Spirit.  The word evokes delight, fear, misunderstanding, and awe.  For Christians, the Spirit is one part of the Holy Trinity.  It's the part that gives us the wisdom and direction we need for daily living.  Jesus gave us the gift of the Holy Spirit when he rose from the dead and ascended Heaven.

During my daughter's hour long dance class on Wednesdays, I normally bring something to read, and I'm in the middle of this amazing book that's helping me understand how the Spirit moves in the world.  I have a different book with me every week, so it's not unusual for one of the other moms to ask me about what I'm reading.  But when this particular mom asked me about the book of the week, I felt my stomach do a little flip.

"It's Spirit Rising by Jim Cymbala.  I tried to act casual, but I knew she wasn't a Christian, so I wasn't sure what to say next.

"Oh", she said, "My dad believes in that stuff".

I hesitated.  I didn't feel very bold, and yet the words "Do you?" came out of my mouth.

She paused for a moment before answering, then shook her head.  "I don't know what I believe.  I don't believe in anything.  Or I guess I kind of believe in everything".

"God"? 

"Yes, but I think he has a lot of different names".

I probed further.  "Jesus?"
 
"No.  I used to be Jewish.  I like what Buddha teaches.  I like it that there's no Hell."

"Yes", I agreed.  "Who wouldn't like that?  I wish it were true."

She looked amused.

We ended up talking for an entire hour.  I mainly just listened.  Here was a woman--broken, hurt, and seeking.  She's probably a lot like me, but I have one thing she doesn't--the Spirit.  And that has made all the difference.

As she told me her sad story, my heart began to beat faster, and I felt it breaking for her.  I prayed, "Oh, God.  Don't let me screw this up.  Spirit, tell me what to do.  Tell me what to say."  I felt like I was holding onto this woman with my pinkie finger as she dangled from a cliff over the great abyss.  I knew there was nothing I could say that could convince her that Jesus is real.

"I'm open to anything, though", she blurted.

"Would you ever go to a church?," I asked.

"Oh, I've been to church.  Many times.  I would go again, but not yet.  I'm too messed up.  I've got too much anger.  I'm not ready".

I wanted to make her understand that only God could bind up those wounds and heal them forever, but I confessed that the only way for me to do that was to tell her about what God has done in my own life and what I've seen him do in the lives of the people I know.

"Don't worry.  I'm working on me.  Lots of people are working on me.  Counselors, psychologists...."  Her voice trailed off, but I was still thinking.

Tears were beginning to well up in my eyes, and I didn't want her to see me cry.  But oh, how I wanted her to understand how much God loves her!

She interrupted my thoughts again.  "I promise you this, though.  When I am ready, I'll definitely come to you."

Did she really say she was going to come to me when she is ready?  Not if, but when she's ready?

"Ok", I said.  "As long as you promise,  I'll wait for you."

We shook on it.

How wonderful it would have been if she had given her life over to Christ right there on the spot!  We could have prayed together like two happy souls boldly slamming shut the gates of Hell!  Yet, that is not what I heard the Spirit telling me to do.

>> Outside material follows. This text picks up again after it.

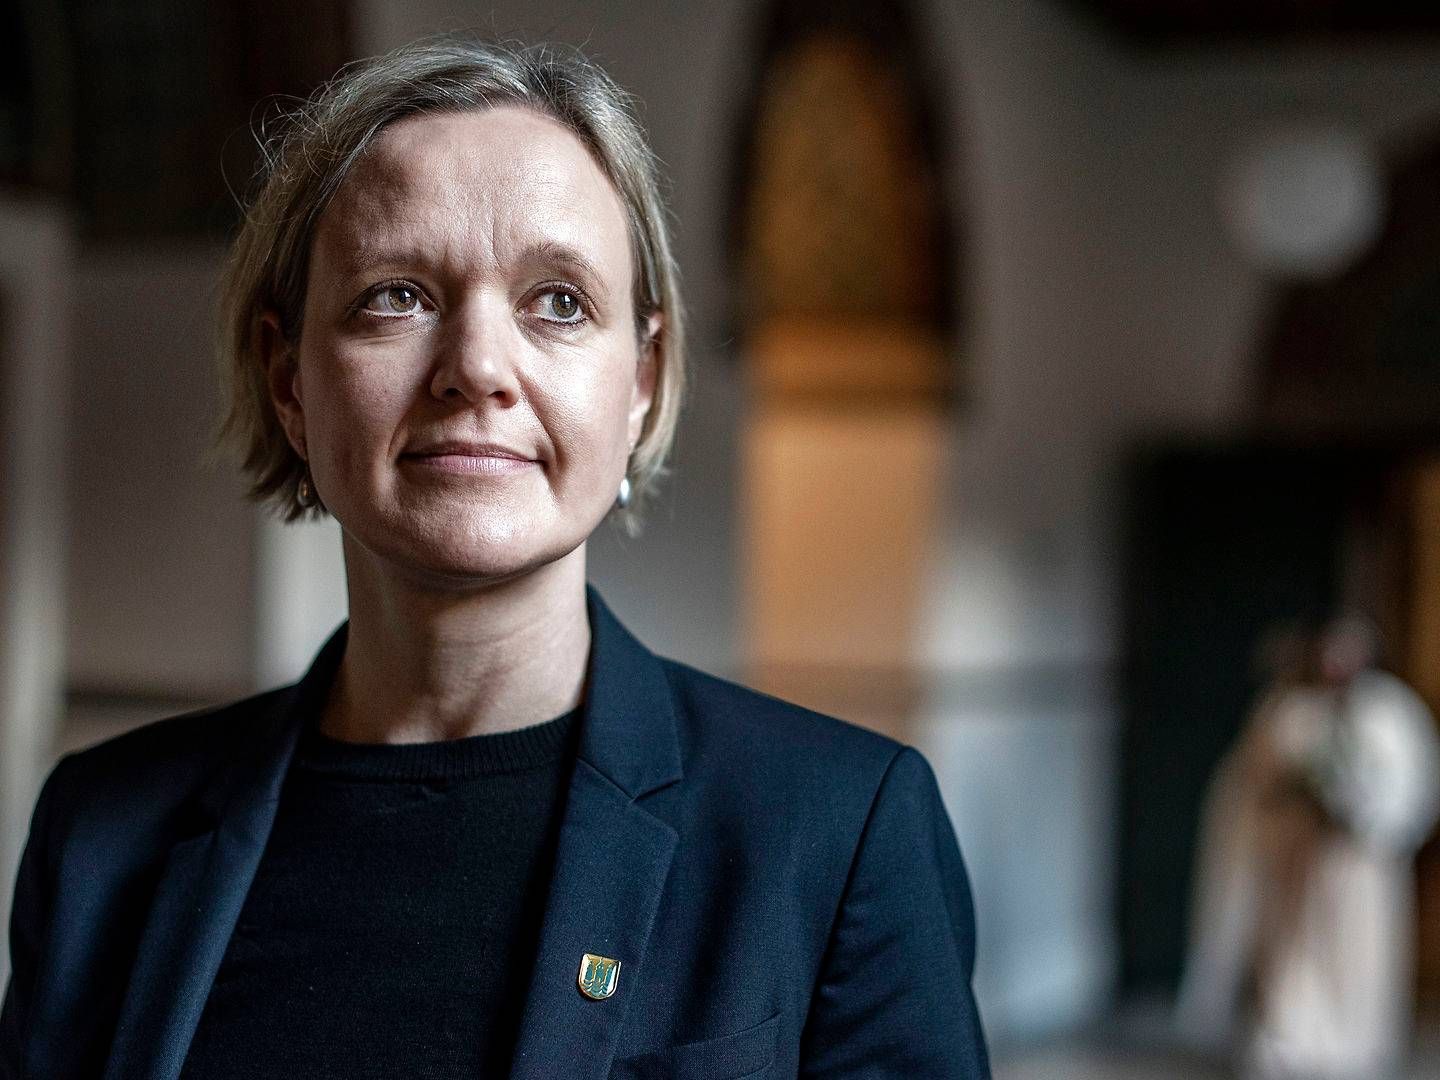 Beskæftigelses- og integrationsborgmester i Københavns Kommune, Cecilia Lonning-Skovgaard. | Foto: Niels Ahlmann Olesen/Ritzau Scanpix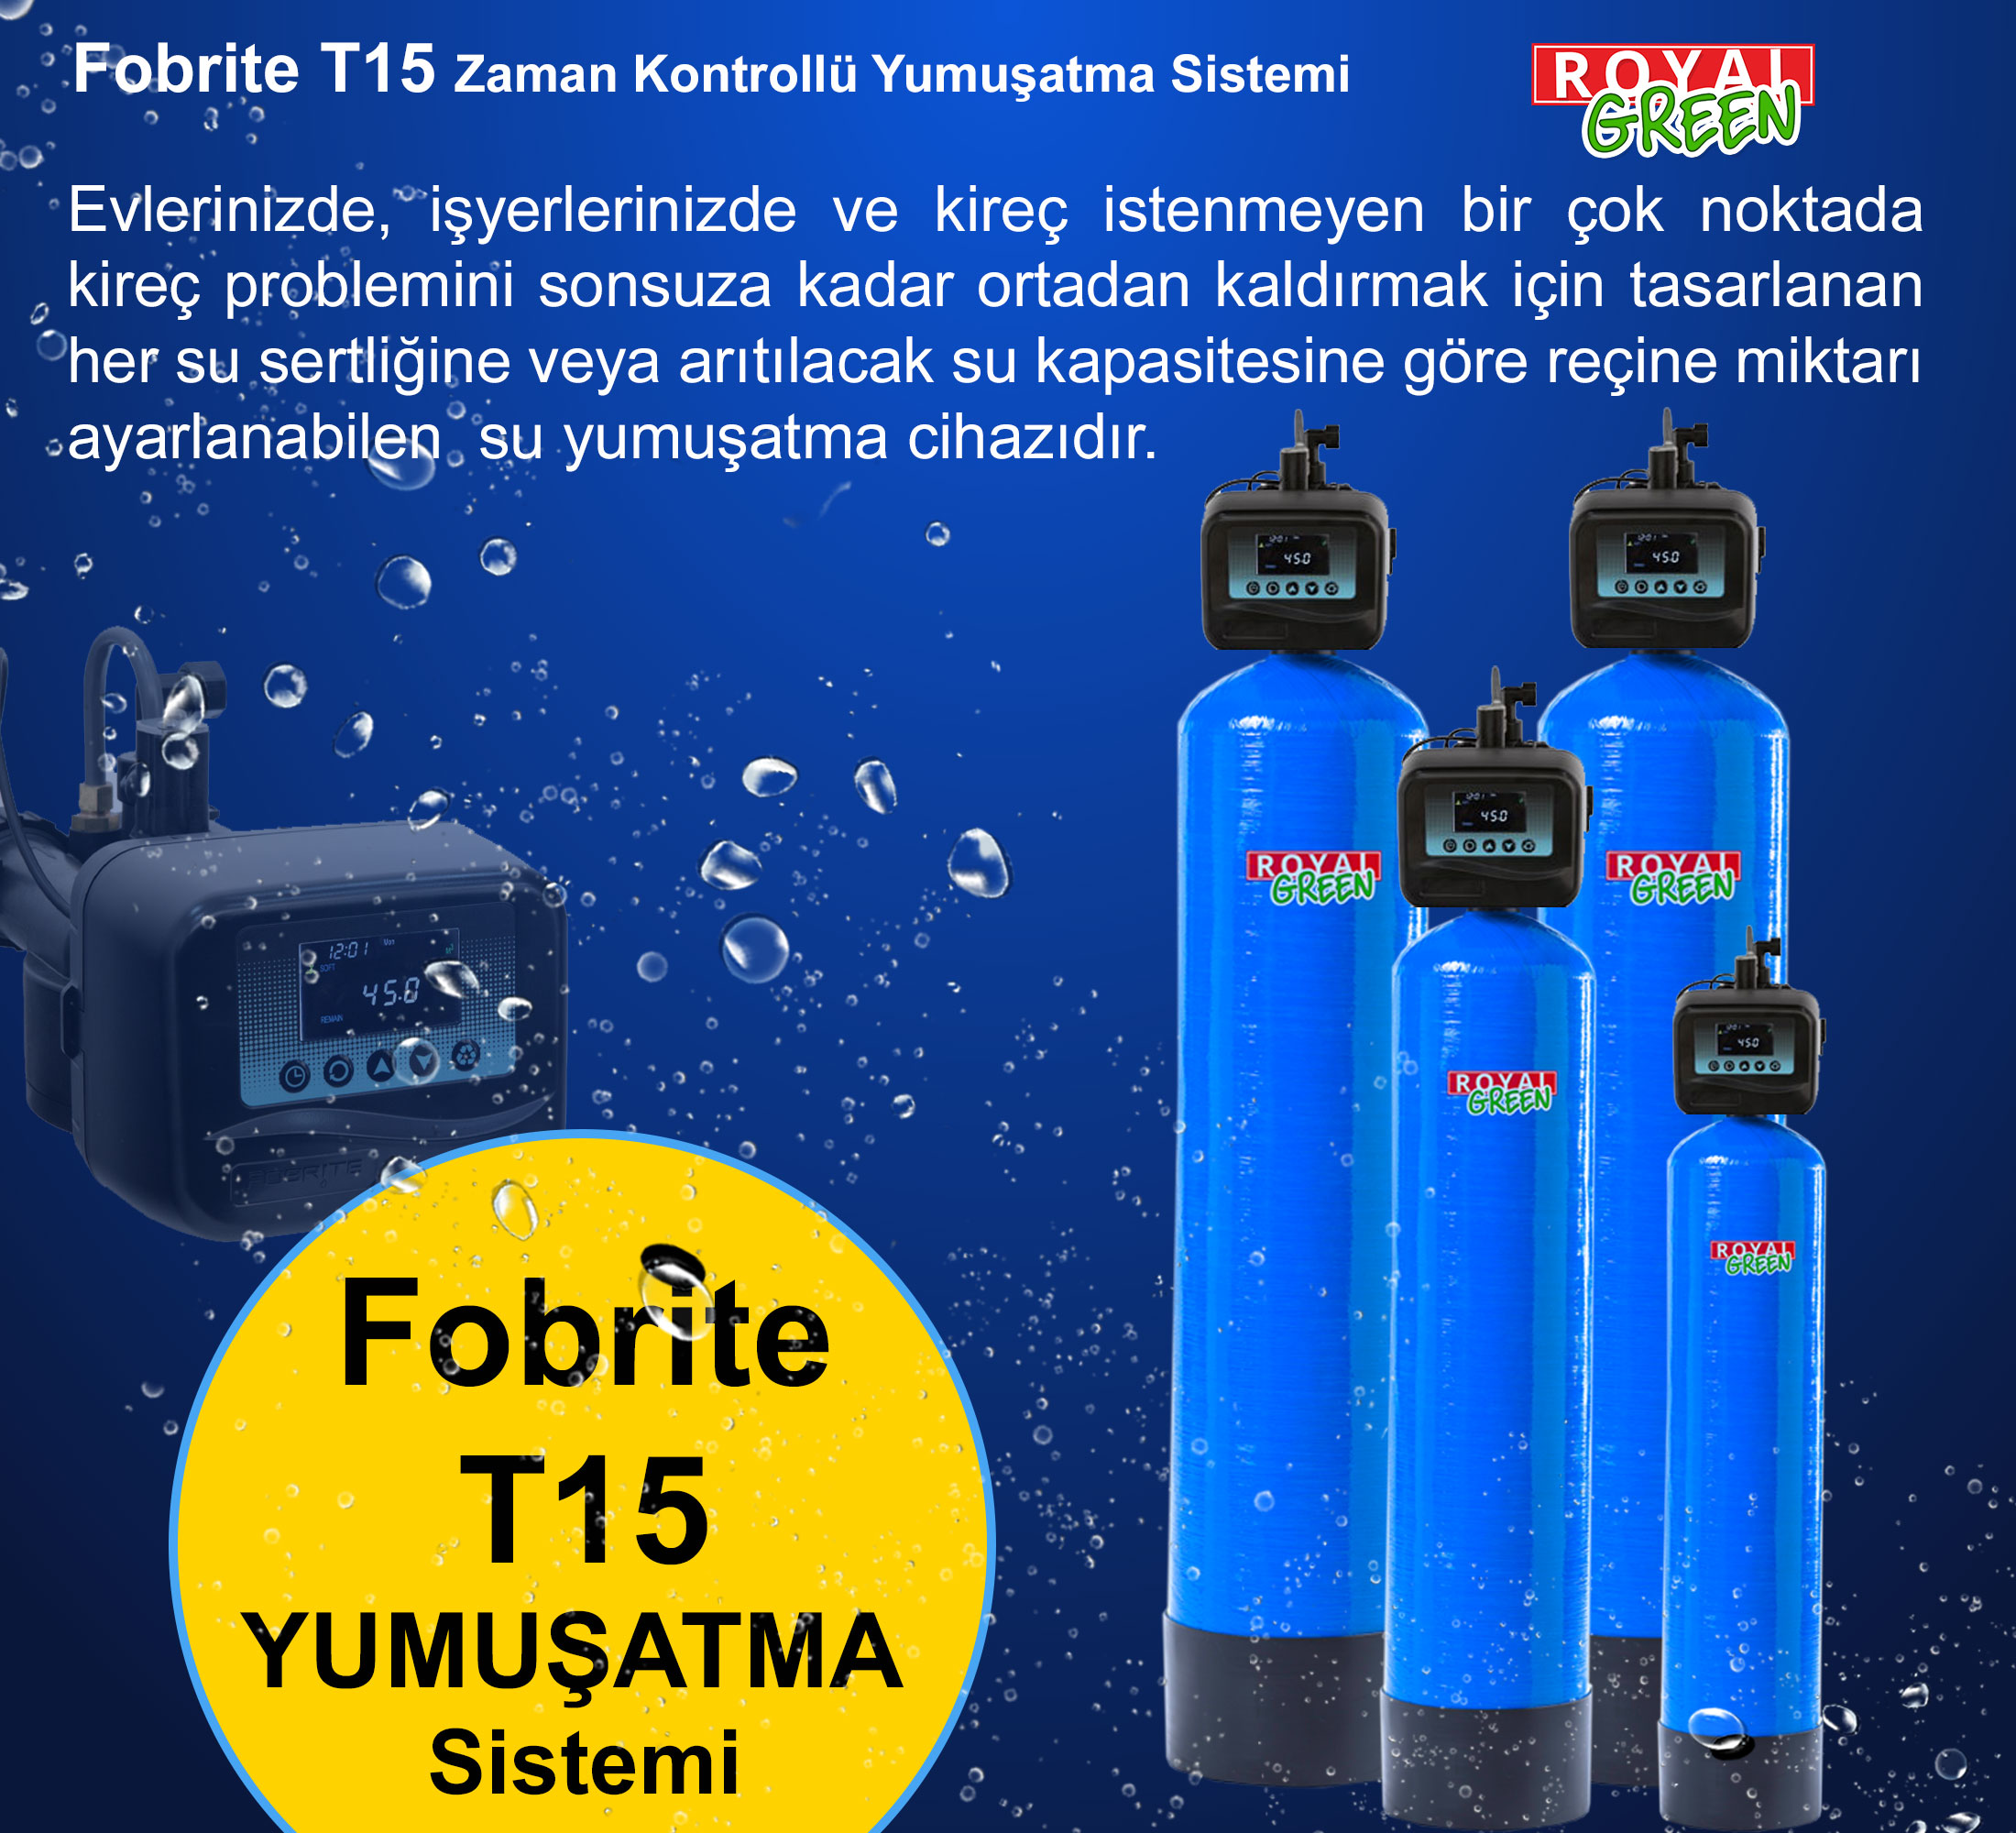 Fobrite T15 yumusatma sistemi banner

The Bible says the fruit of the Spirit is love, peace, patience, kindness, goodness, gentleness, and self-control, so I'm confident that I experienced the Spirit at work today.  I'm pretty sure the Spirit can't be rushed.

"I pinkie promise."  She intertwined her pinkie with mine, and I held it  there in the grips of another prayer.  "Oh, Lord.  Spare her.  Give her time.  Show her that you're real before it's too late.  Don't let her fall off of this cliff."